→ **Exercise**: All of the data that follows is to be printed exactly, without pictures.

→ **The data**:
────────

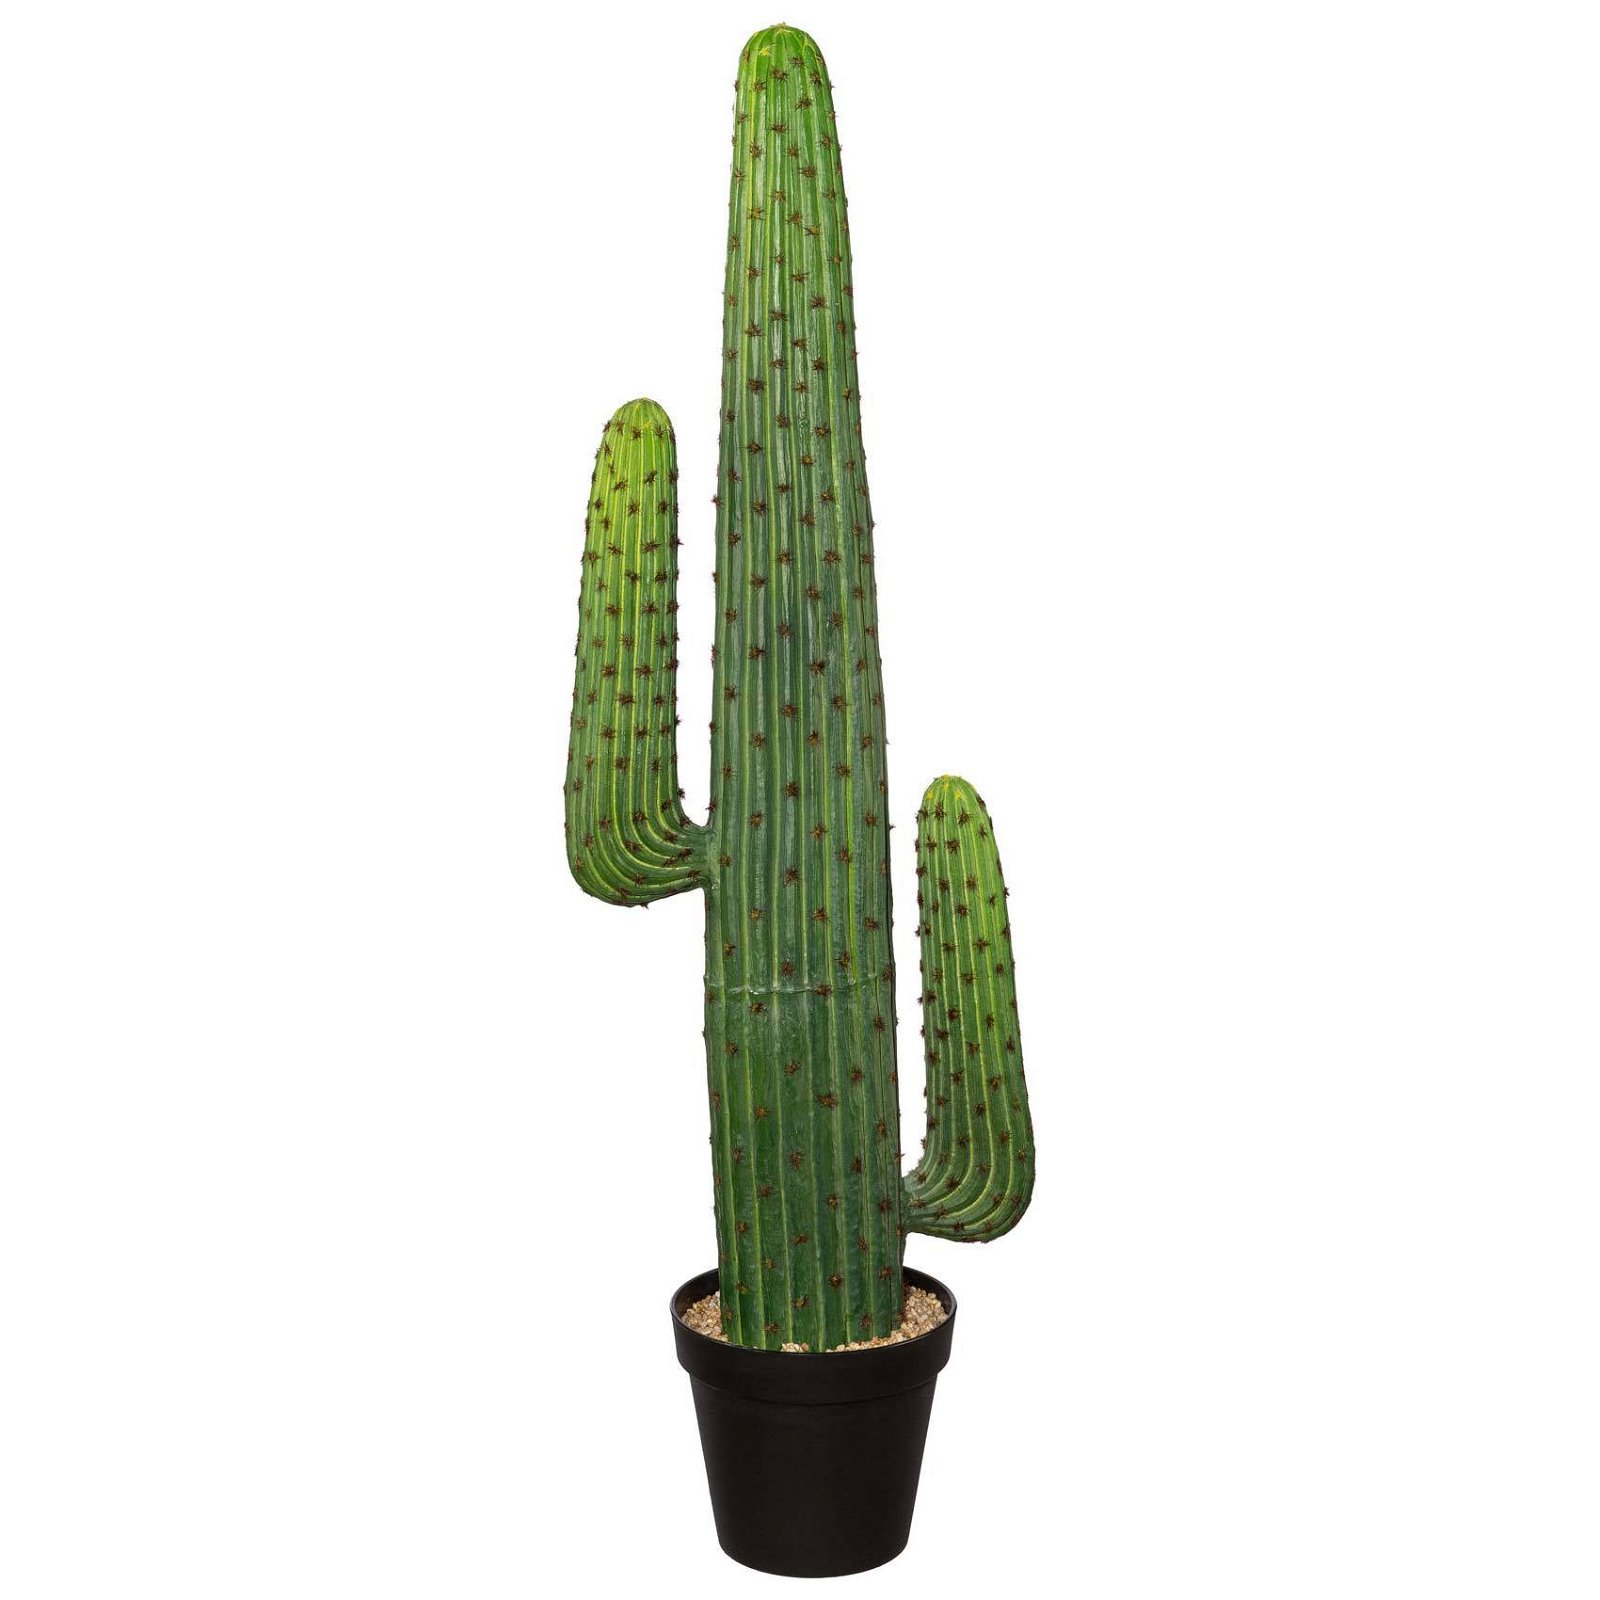 https://cdn.pflanzen-koelle.de/media/75/fa/b8/1659621901/2220102023-Kaktus-Mexiko-gruen_66997.jpg
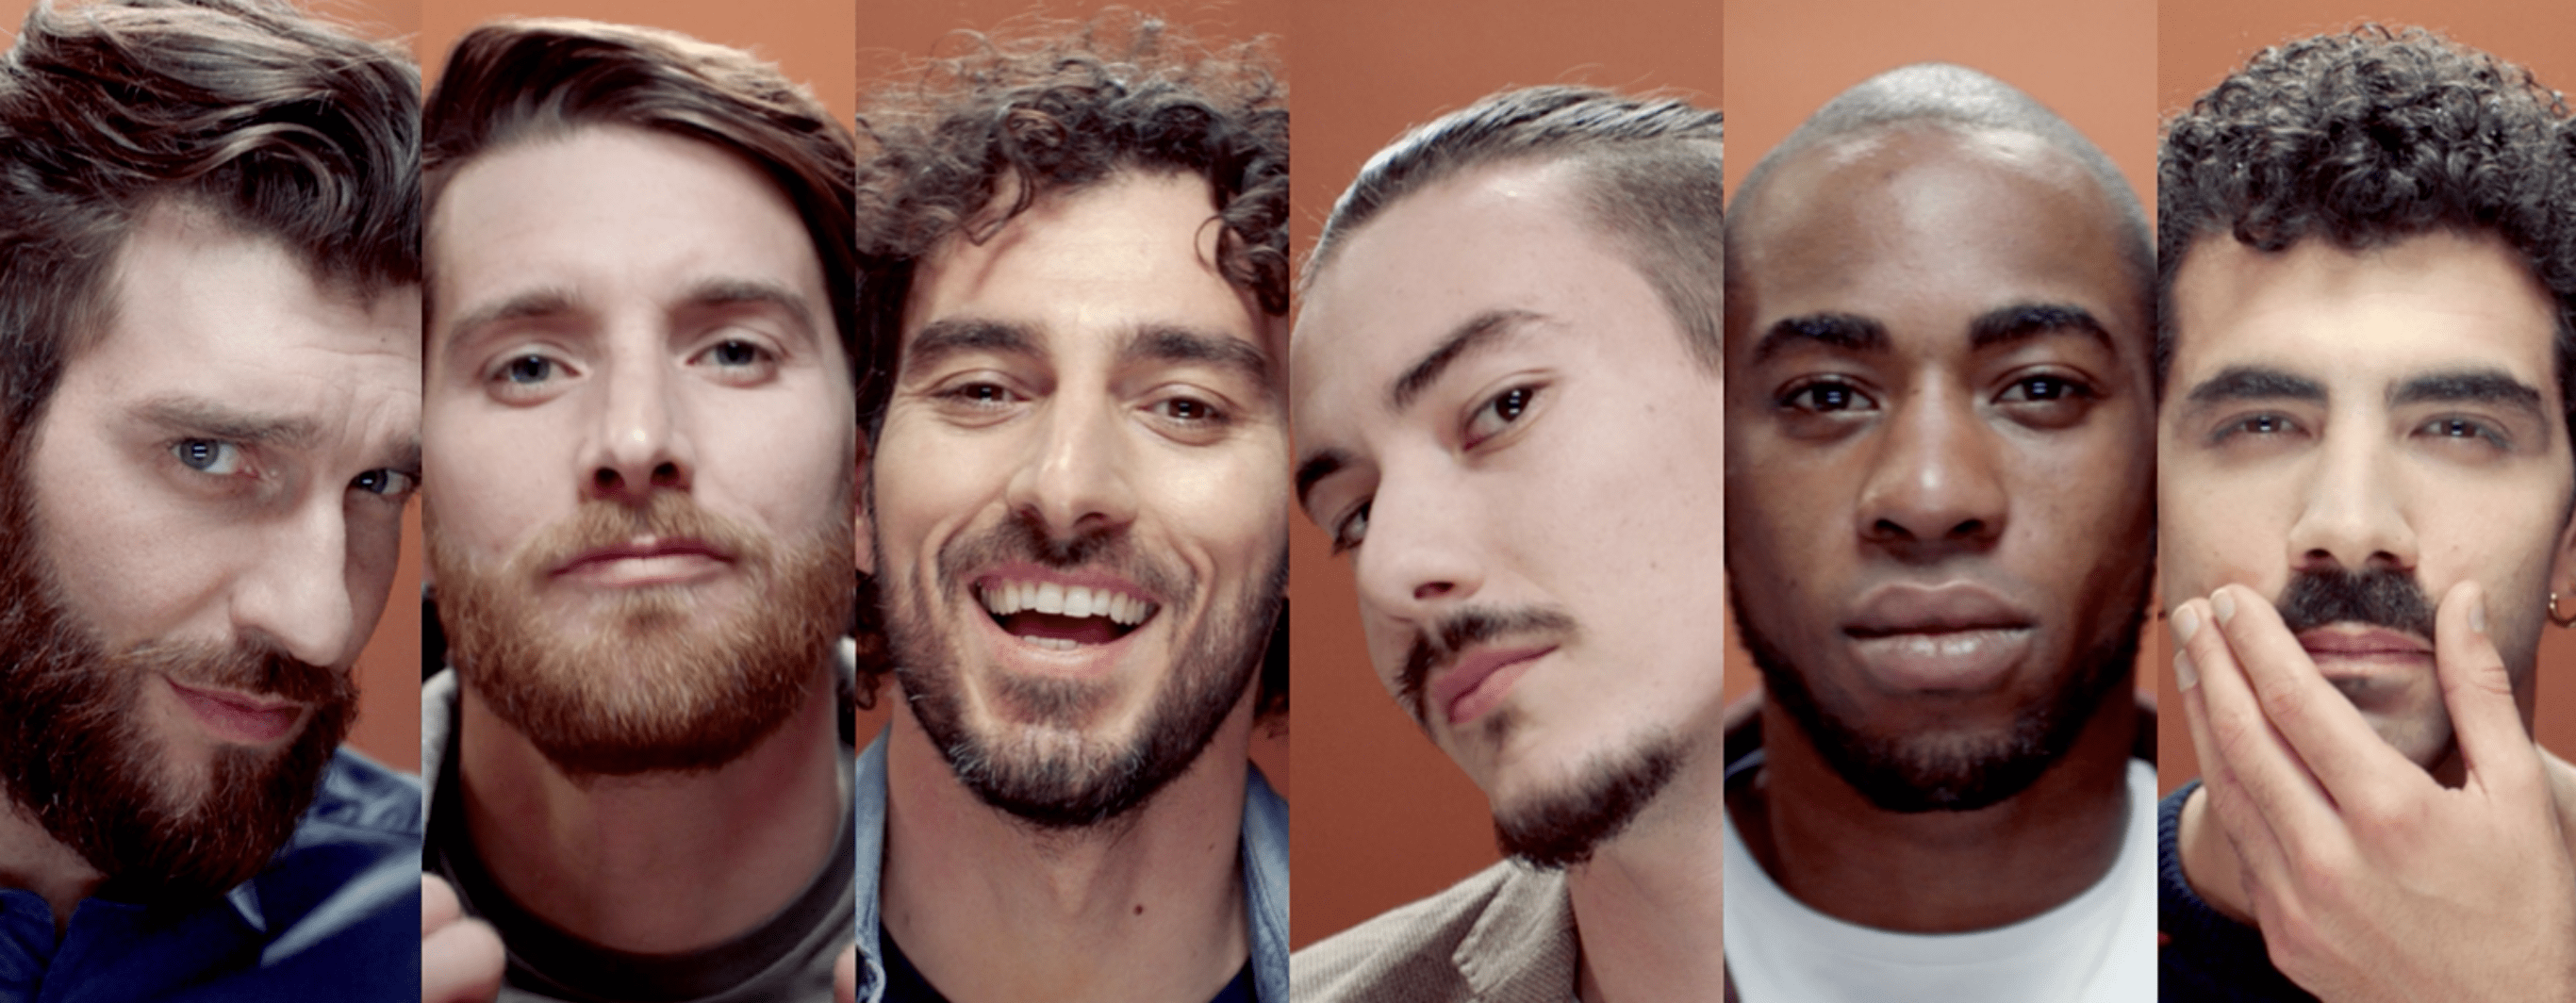 10 Mejores Tipos o Estilos de Barba Corta para Hombres 
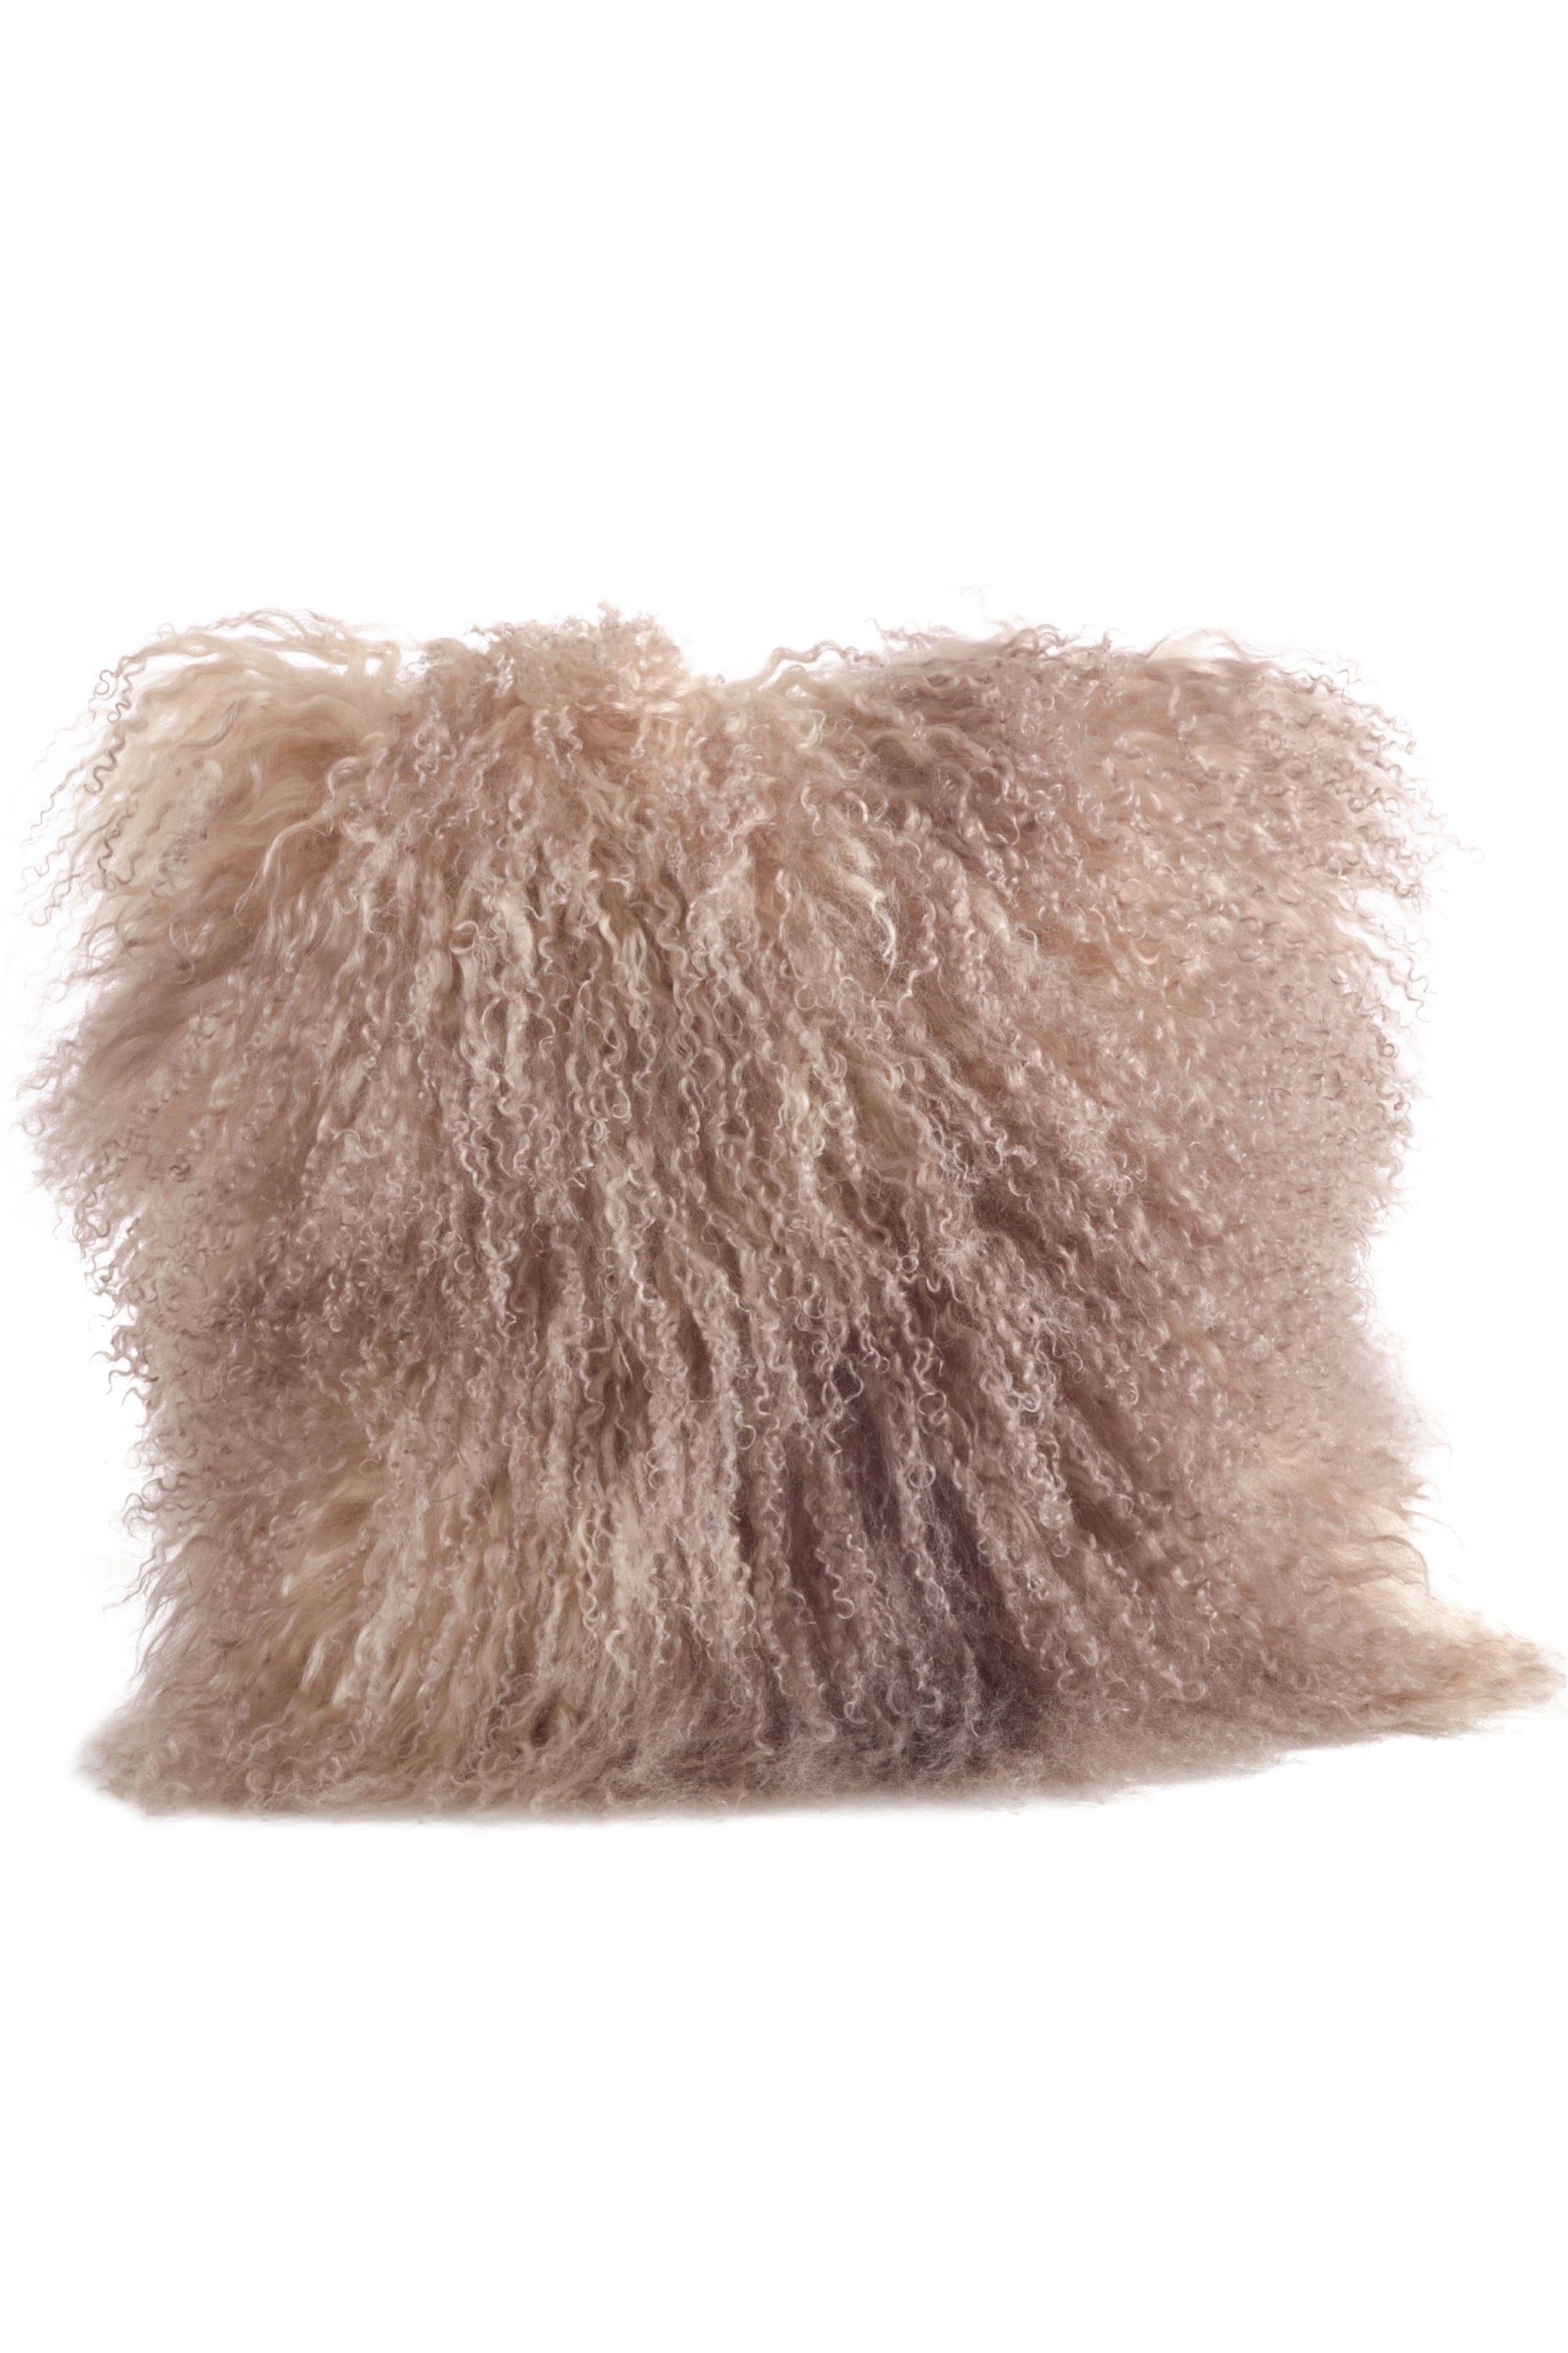 Mongolian Sheep Fur Pillow

────────

→ **The answer**:
 https://cdn.pflanzen-koelle.de/media/75/fa/b8/1659621901/2220102023-Kaktus-Mexiko-gruen_66997.jpg
 10 Mejores Tipos o Estilos de Barba Corta para Hombres 
 Mongolian Sheep Fur Pillow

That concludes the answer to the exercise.